**Data excerpt**
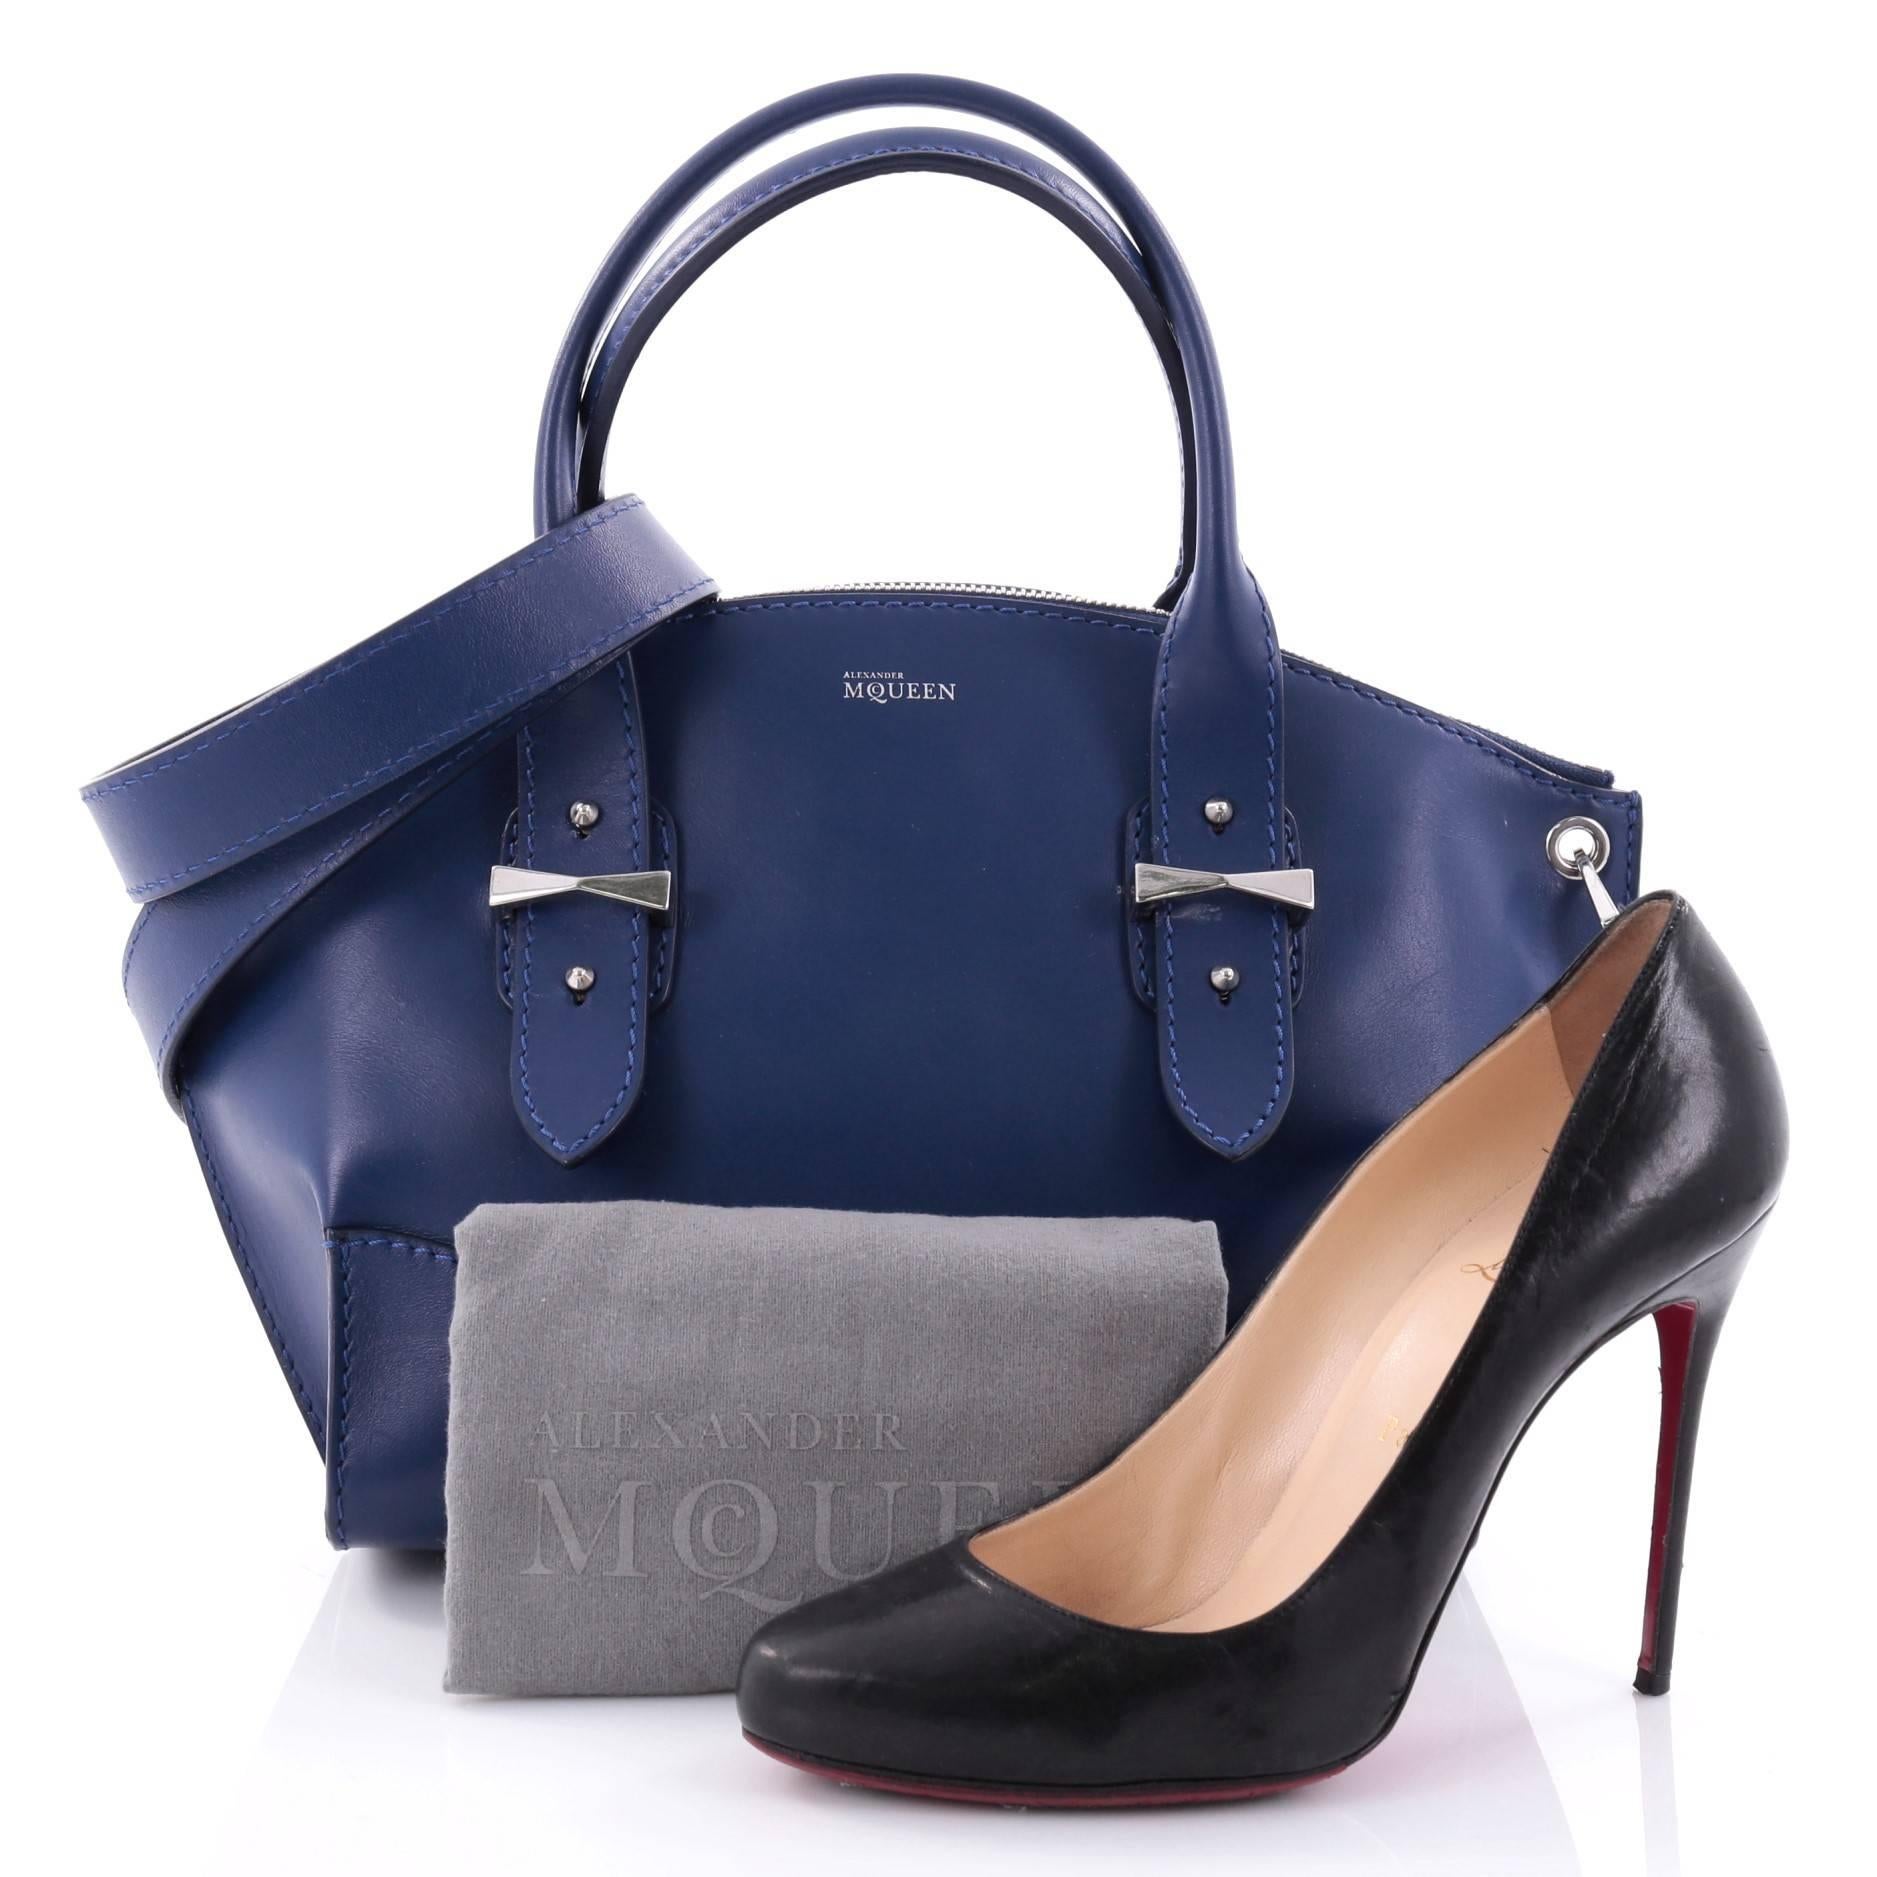 This authentic Alexander McQueen Legend Convertible Satchel Leather Small is a sure-fire hit for the new season, destined to become your forever bag. Crafted from blue leather, this sophisticated bag features dual-rolled leather handles, detachable
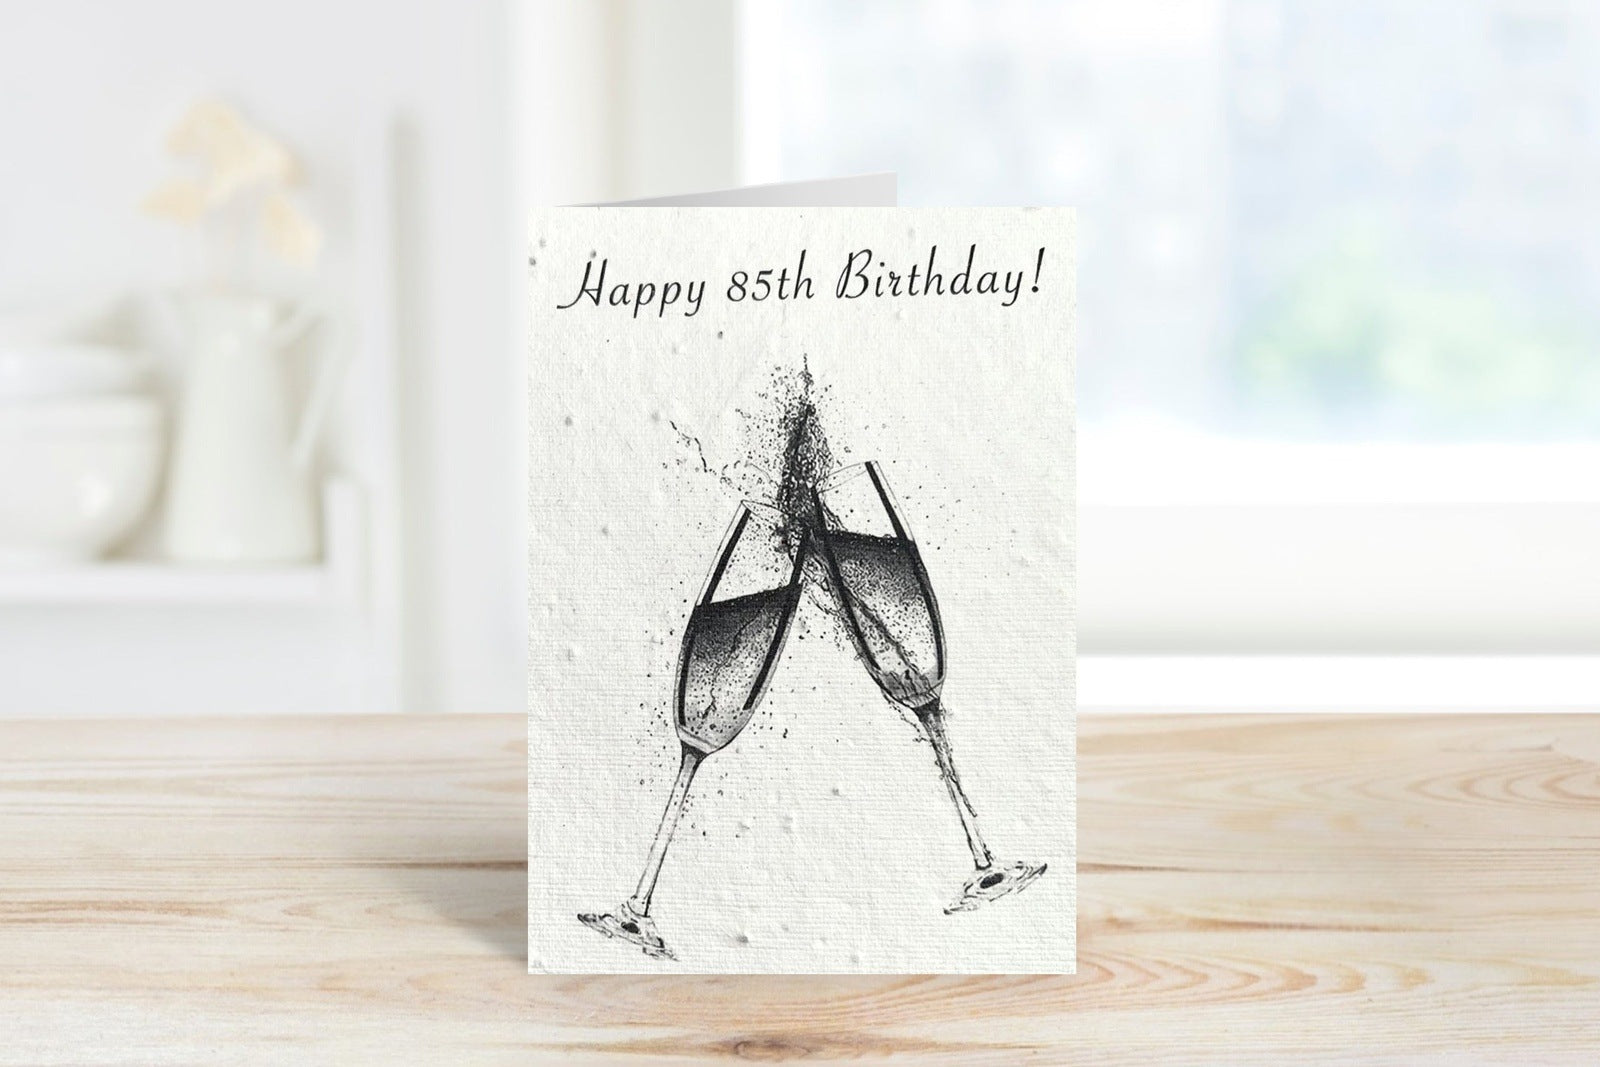 Happy 85th Birthday Plantable Seeded Eco Greeting Card
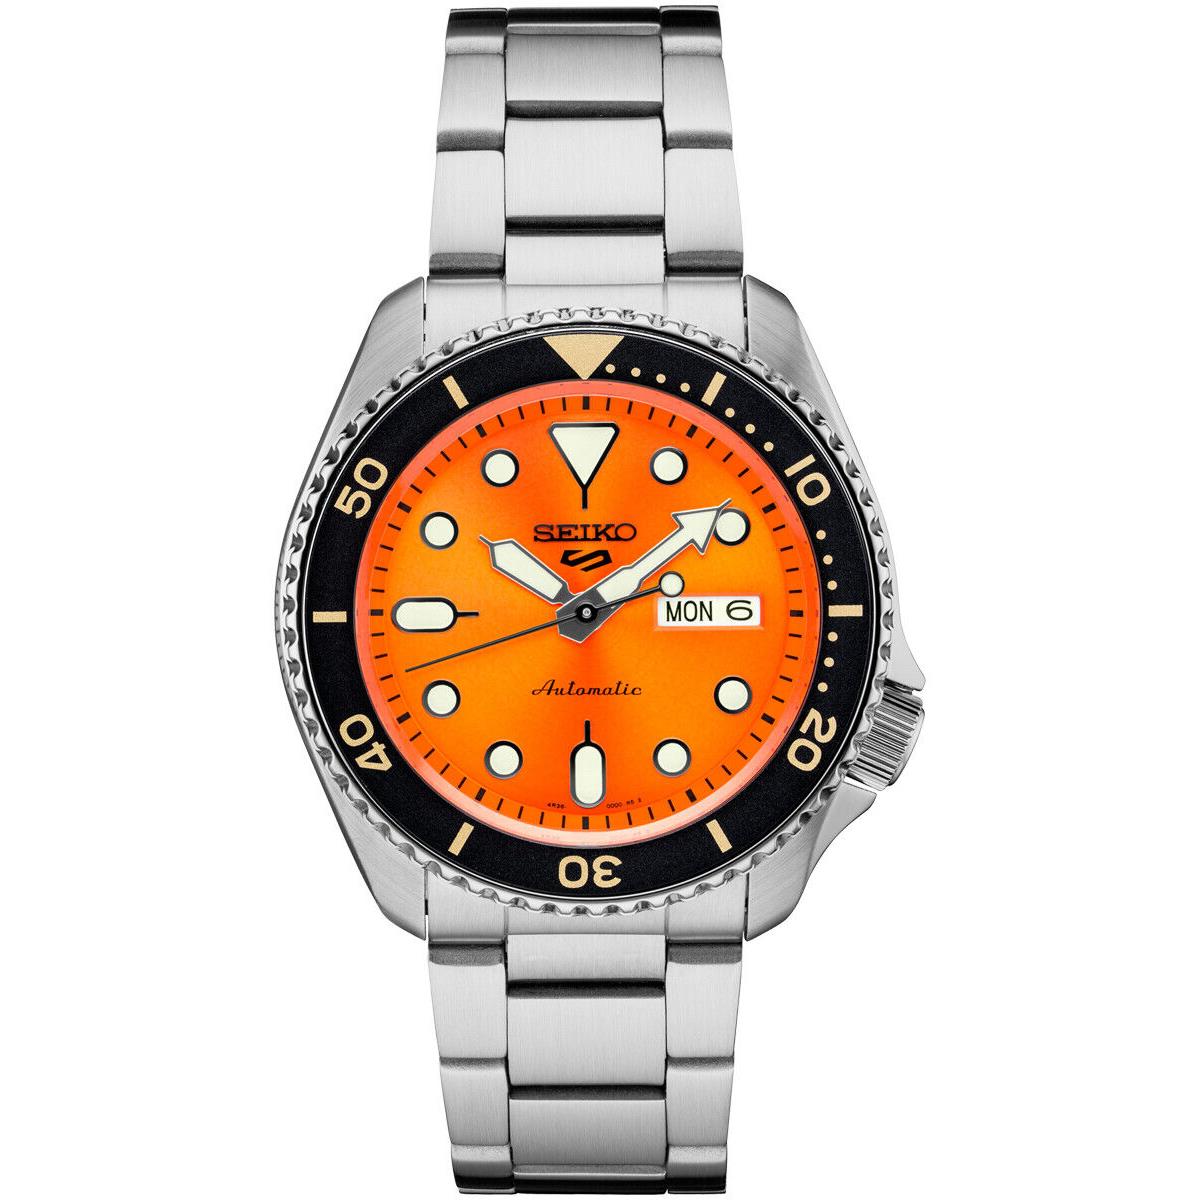 Seiko 5 Sports Automatic Orange Dial Stainless Steel Day/date Men s Watch SRPD59
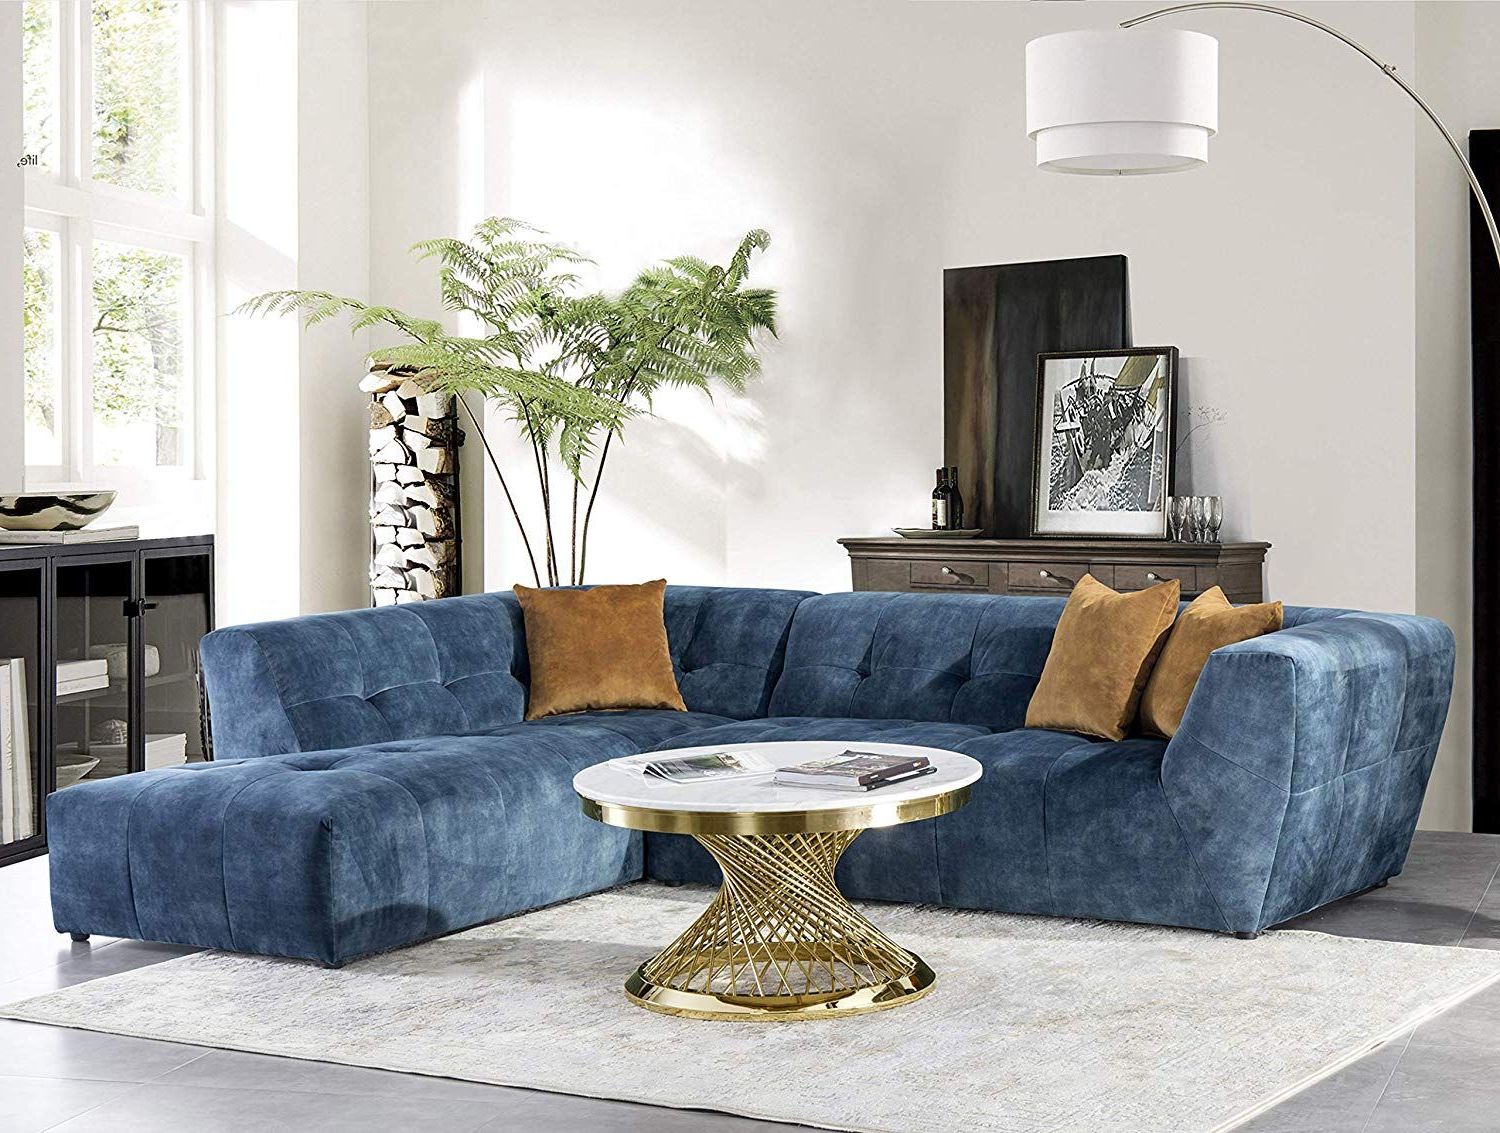 Well Liked Navy Linen Coil Sofas Inside Amazon: Acanva Luxury Mid Century Tufted Low Back Right Facing (View 15 of 15)

**Problem**
Recopy the full listing exactly, passing over any picture.

**Exercise output**
 This authentic Alexander McQueen Legend Convertible Satchel Leather Small is a sure-fire hit for the new season, destined to become your forever bag. Crafted from blue leather, this sophisticated bag features dual-rolled leather handles, detachable
 Happy 85th Birthday Plantable Seeded Eco Greeting Card
 Seiko 5 Sports Automatic Orange Dial Stainless Steel Day/date Men s Watch SRPD59
 Well Liked Navy Linen Coil Sofas Inside Amazon: Acanva Luxury Mid Century Tufted Low Back Right Facing (View 15 of 15)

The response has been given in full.